9

Como un absceso lleno de pus en la raíz de un diente infectado, la culpa y el dolor llenaban el espíritu de Sean. Su sentido de culpa era doble. Había traicionado su juramento a Duff y carecido del coraje que hiciese de esta traición algo justificable. Esperó demasiado tiempo. Debió haberlo hecho al principio, con limpieza y con rapidez, o bien no debió haberlo hecho. Anhelaba con todo su ser que hubiese sido posible volver atrás para hacer las cosas bien esta vez. Habría aceptado de buena gana vivir otra vez todo ese horror para salvar su conciencia y para limpiar la mancha del recuerdo de su amistad con Duff.

Su dolor era algo vacío, un dolor tan inmenso que se perdía en él.
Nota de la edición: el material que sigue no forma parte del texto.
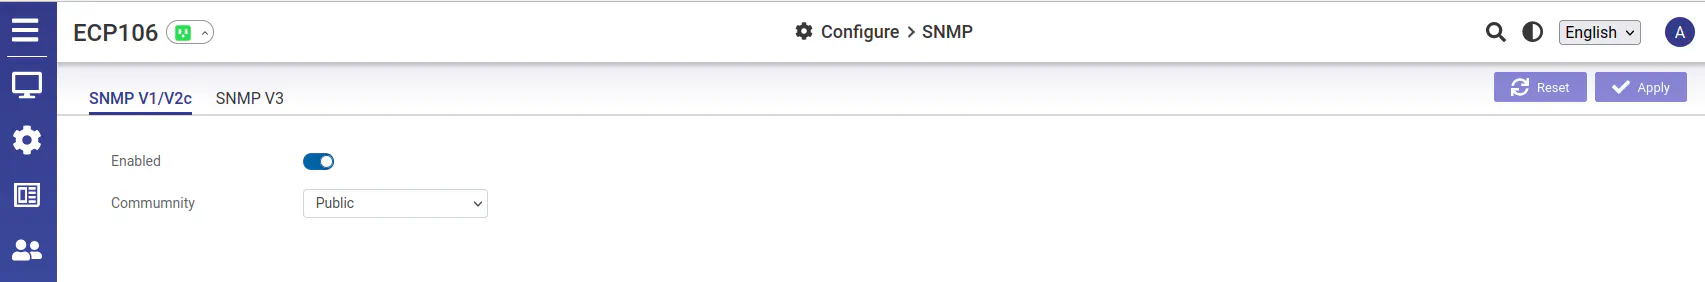 Standalone Configure SNMP

Dónde antes había habido la risa de Duff, su sonrisa torcida y su contagiosa energía, había ahora una nada gris. Ni un rayo de sol penetraba allí y tampoco había en aquel vacío nada que fuese concreto y sólido.

El pozo de agua siguiente era una sopa de poca profundidad, en el centro de una extensión llana de lodo seco, del tamaño de un campo de polo. El barro estaba resquebrajado y formaba un damero de cuadros irregulares, como pequeñas losas, cada una del tamaño de la mano. Podría haberse saltado sobre el agua sin llegar a mojarse los pies. Espeso en toda la extensión estaba el excremento de los animales que habían abrevado allí. Sobre la superficie, en un vaivén que cambiaba de curso según el viento, se agitaban unas pocas plumas sueltas. El agua era salobre y sucia. Era un campamento pésimo. Al tercer día Mbejane fue a ver a Sean, que estaba en su catre. No se había cambiado la ropa desde la muerte de Duff. La barba comenzaba a apelmazársele y estaba pegajosa de sudor, ya que hacía un calor de horno dentro de la carreta.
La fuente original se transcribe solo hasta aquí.